= Whatever Happened to Corporal Cuckoo? =

Short science fiction story by Gerald Kersh

"Whatever Happened to Corporal Cuckoo?" is a short story by Gerald Kersh. It is a science fiction story, dealing with a tale of a man who has had immortality thrust upon him in a way that does not benefit him at all. It was first published in Kersh's own collection, The Brighton Monster and Other Stories (Heinemann, 1953) and later collected, first in the anthology Star Science Fiction Stories #3 (Ballantine Books, 1954), edited by Frederik Pohl, then in the anthology One Hundred Years of Science Fiction (Simon & Schuster, 1968), edited by Damon Knight.

==Plot==
In July 1945, at the conclusion of the war in Europe, a war correspondent by the name of Kersh is on board the with thousands of American soldiers returning home. He expects to be sent to the Pacific to cover the conflict there. While drinking the last of the whisky he smuggled aboard for the days of the voyage, he is accosted by Corporal Cuckoo, a man apparently about 30 years old covered in battle scars, more than could be had in the latest war, and more than an ordinary man could survive.

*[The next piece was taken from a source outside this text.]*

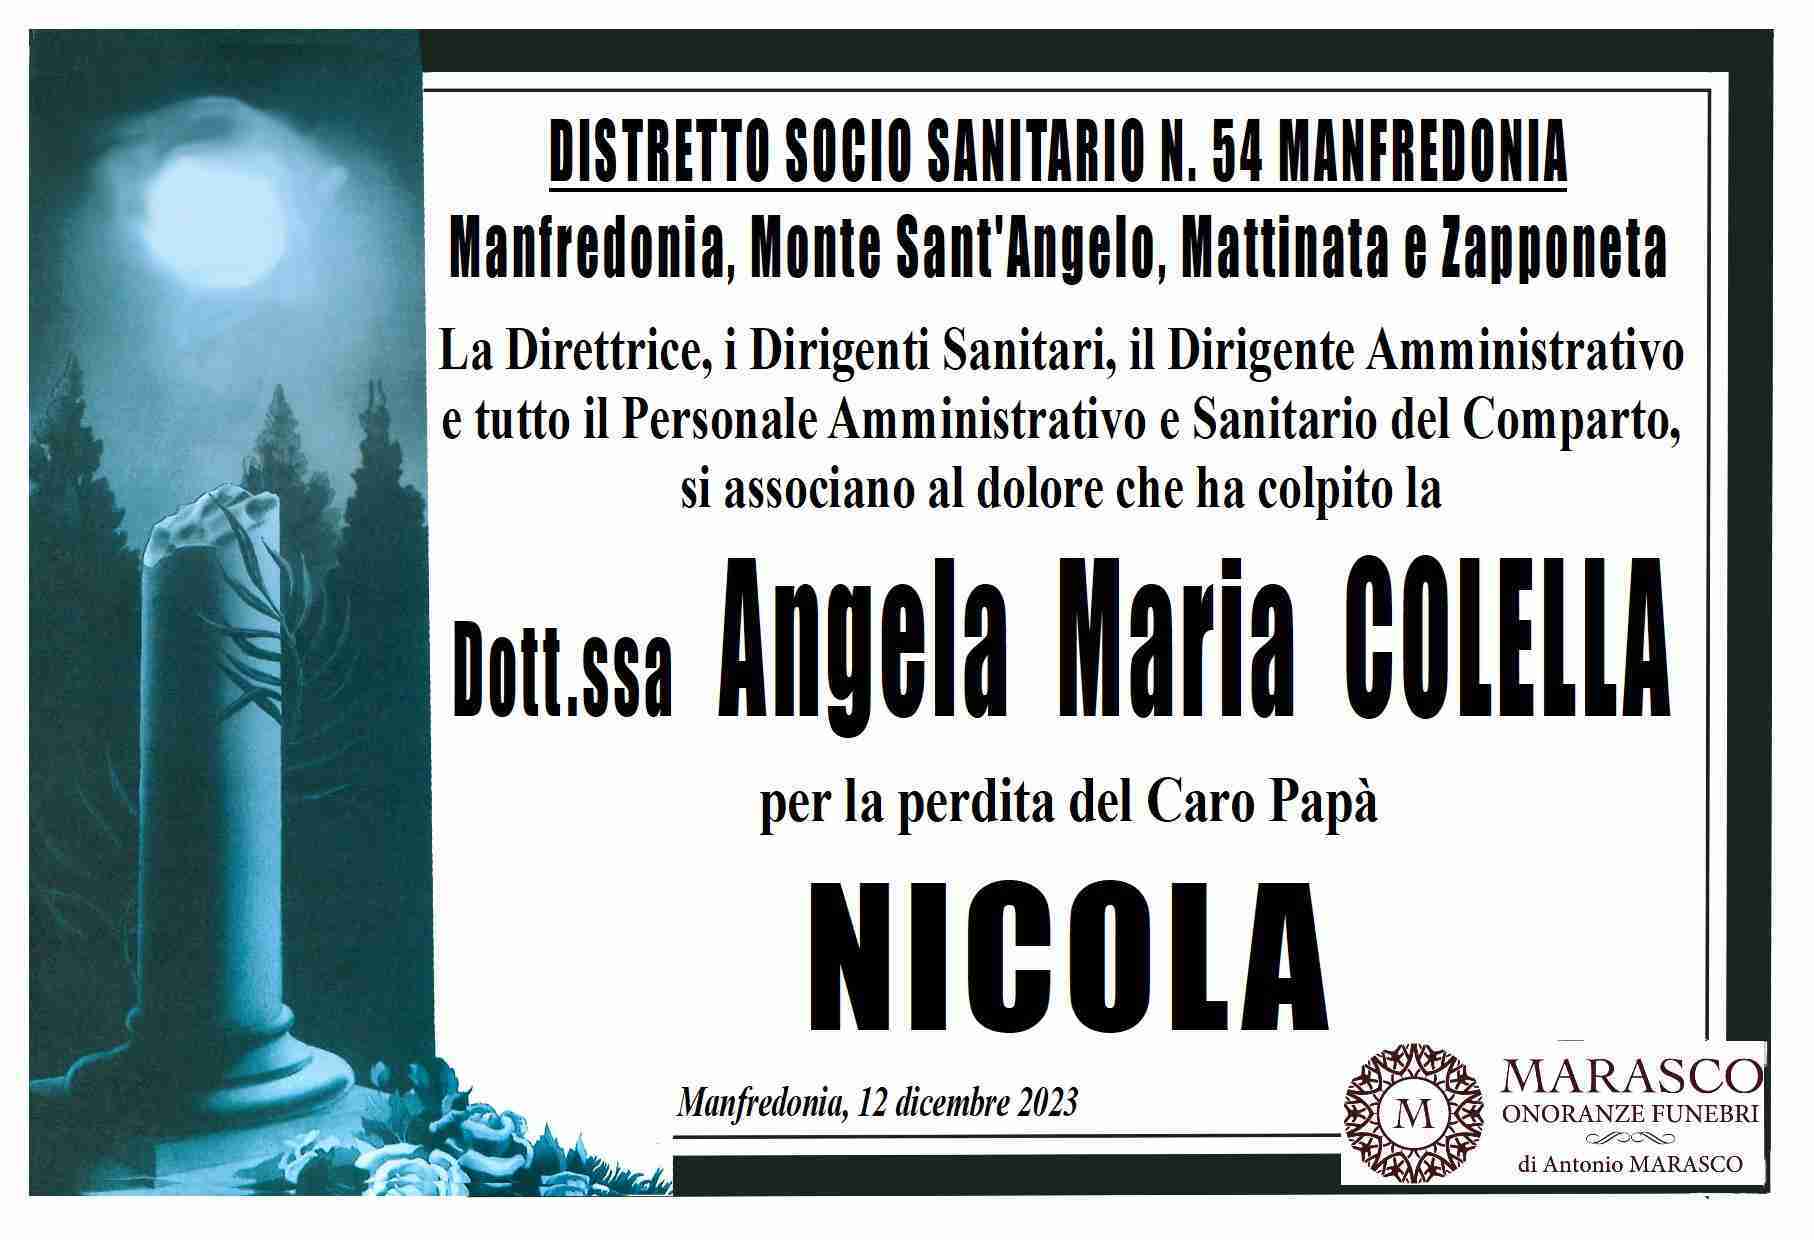 Nicola Colella

Cuckoo tells his tale after downing all the remaining whisky. He was born in France in 1507 and named Lecoq, but gained the name "Lecocu" after he was cuckolded by his wife. Under that name he served as a foot soldier, and was mortally wounded at the Battle of Turin in 1537. He took a deep wound in his skull, but after treatment by Ambroise Paré using his own "Digestive", he came back to life. Paré tried to keep Lecocu for his own study, but Lecocu escaped with a copy of Paré's notes on the creation of the Digestive. Lecocu was illiterate but eventually found a student in Paris who could read the notes. The Digestive was originally just turpentine, egg yolks and oil of roses, but Paré added honey for Lecocu's treatment. Lecocu had by this time realized that any wound he received healed quickly. He intended to recreate the Digestive and sell it, but despite following Paré's procedure carefully he could not get the same results. As the years passed he realized he did not age, and could not die. He became a pirate, then returned to soldiering and participated in many famous battles in history. He met figures such as Paracelsus and William Shakespeare. Despite this, he could not be anything other than a simple soldier, unable to hang on to money or learn anything beyond what he already knew. Having fought in World War 2 he intended to live in America, grow roses, and keep chickens and bees. He still wants to recreate the Digestive and use it get rich.

Kersh finds the tale incredible, but recognizes the names and battles Cuckoo describes. He cautions him that he may never recreate the Digestive. All the ingredients are products of nature, which vary from place to place, and in the case of honey, sometimes from day to day. The lucky combination that healed him may be impossible to find. Cuckoo gives him a final demonstration of his ability by almost cutting his thumb off and then having it heal within minutes, then becomes angry and storms off, never to be seen again. Kersh ends the story by appealing for anybody who remembers seeing him and can help Kersh to find him again.